The judge-led Independent Committee investigating the deadly Wang Fuk Court blaze reopened a new phase of evidential hearings after an initial series that began on March 19. The fire in November that killed 168 residents has produced a complex record of contractor reports, management messages and maintenance work. Recent testimony includes claims that when residents and staff tried to deploy hoses during the emergency, no water flowed, prompting renewed scrutiny of pre-fire repairs and coordination among firms responsible for the estate’s safety systems.
Committee sessions have pulled together witness statements, photographs, phone logs and tens of thousands of documents; over one million items of evidence have been catalogued so far. The new round of hearings will call back several contractors and management figures to reconcile conflicting accounts about who authorised shutdowns, when water tanks were refilled and why the estate’s fire safety system was effectively disabled in the months leading up to the tragedy.
Contractor testimony and disputed inspection records
Victory Fire Engineering, the registered fire service installation contractor that completed a routine inspection in March 2026, has returned to the witness stand. Its director and engineer described how staff told him roof tanks were undergoing maintenance and that their March check found no leaks. However, inspection forms later submitted bore entries suggesting problems with the tanks. The director said employees may have erred when completing paperwork and acknowledged he had not caught the inconsistency. Another worker testified that during the inspection the cement surfaces lacked tiles and showed no obvious leaks, a claim that the committee is probing against photographic and message evidence.
Unusual tiling works and quality assumptions
The estate’s maintenance specification included applying white tiles to the interior of the tanks — an approach the contractor described as uncommon for firefighting reserves because fire water tanks are designed to hold water for operational use rather than consumption. The tiling work reportedly stretched across several months, with the main contractor hiring a separate plumbing firm to apply for permissions to shut down the hydrant and hose network. That administrative route, and the long duration of works, are central to committee questions about whether standard safeguards were followed.

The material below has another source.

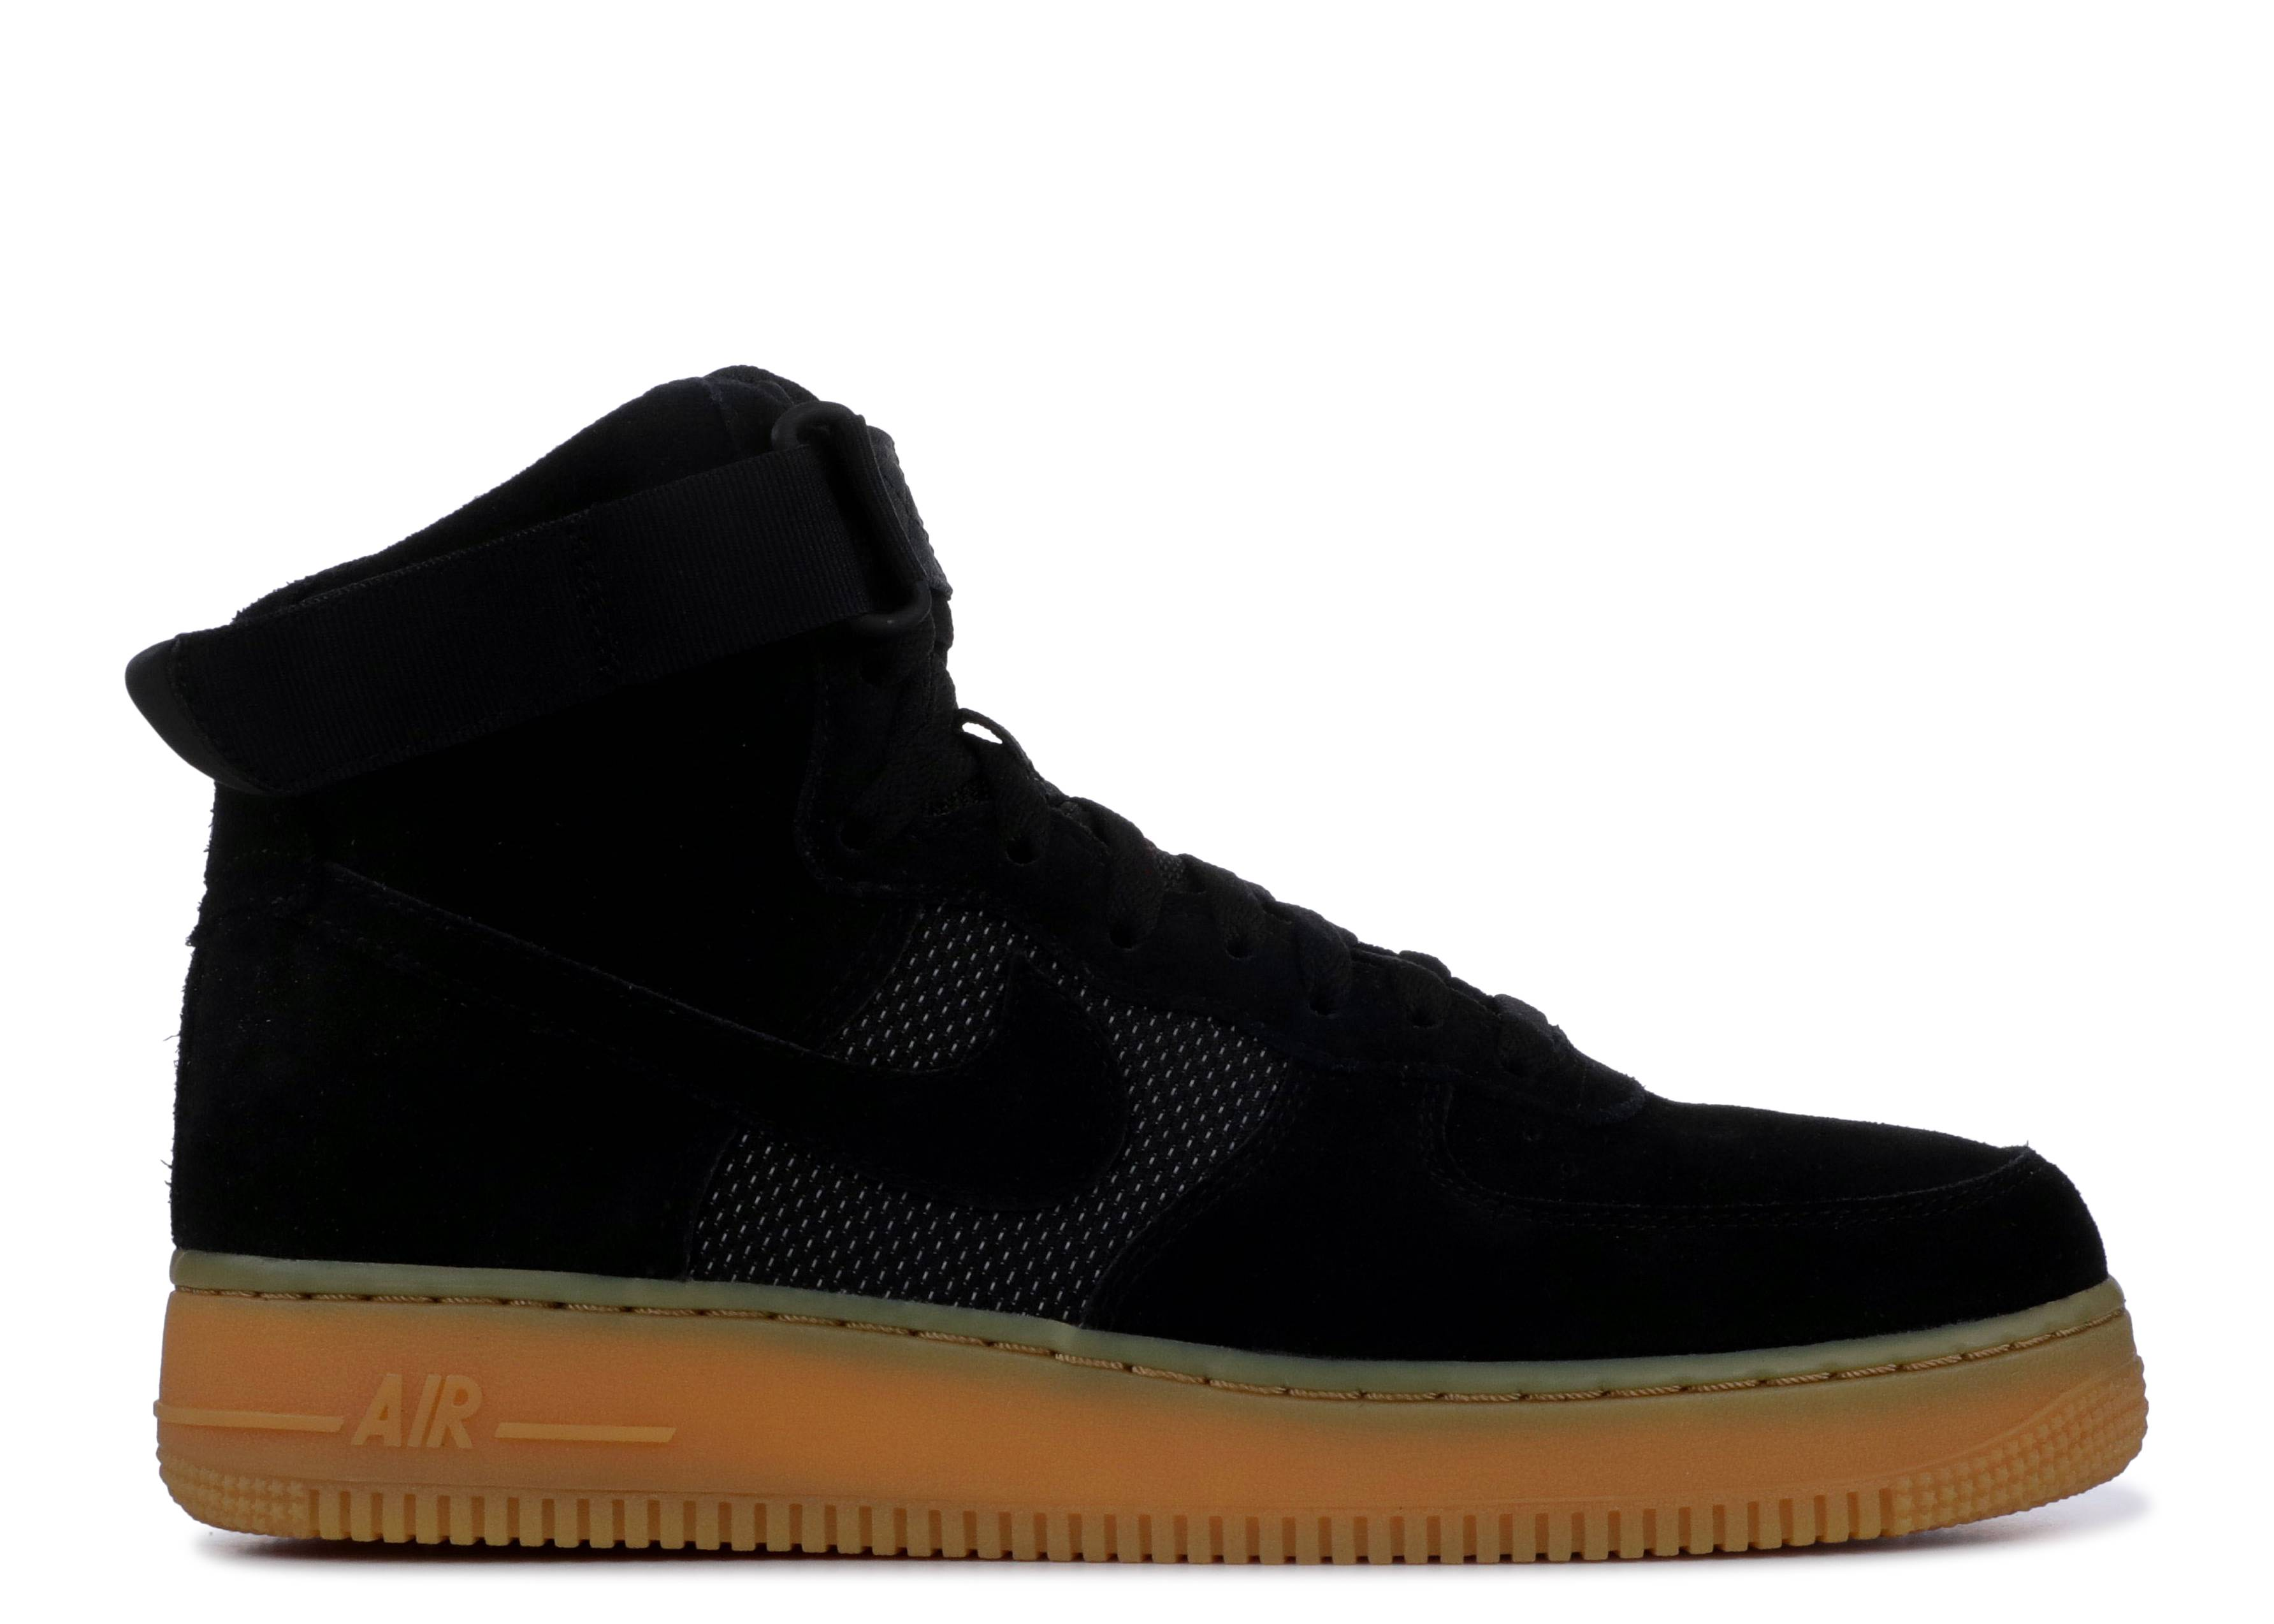 Air Force 1 High 07 Lv8 - Nike - 806403 003 - black black gum light ... 5cd66752ec

Shutdown approvals, power switches and timeline discrepancies
Evidence presented so far shows that a different specialist was engaged to process Fire Services Department notifications and that applications were filed repeatedly. The committee heard that the estate’s hydrant and hose circuit was formally taken offline multiple times and that the system effectively remained shut for a period starting in April 2026, lasting for more than six months in total. Victory Fire personnel discovered empty rooftop tanks in three blocks on Oct 16 and later determined all eight blocks were undergoing repairs. On Nov 19, they found the main power switch for the fire booster pump had been turned off in every block.
Conflicting management accounts and communications
Property management testimony has at times contradicted contractor claims. A management officer said she provided a formal shutdown notice to Victory Fire only after the fire, while committee counsel pointed to messages suggesting the tanks had been refilled — though available photos and timestamps raised questions about the timing of that refill. WhatsApp exchanges, internal photos and meeting records are being used to test who knew what and when. The committee has also heard about proxy voting practices at owners’ meetings and alleged gaps in how management verified participants and documented decisions related to safety works.
What the committee will examine next
The next phase of hearings will revisit key figures, including the Victory Fire director, to probe a 57-minute call he made with a technical officer at about 1:30 am on Nov 27, during the fire. Counsel will also pursue the sequence of applications filed to the Fire Services Department, the absence of onsite inspections by the firm that processed shutdown requests, and whether the extended outage of hydrant and hose systems reflected routine procedure or a deeper failure of coordination. Public registration for subsequent sessions is being opened online, and the panel intends to continue evidential hearings into May with details to be announced.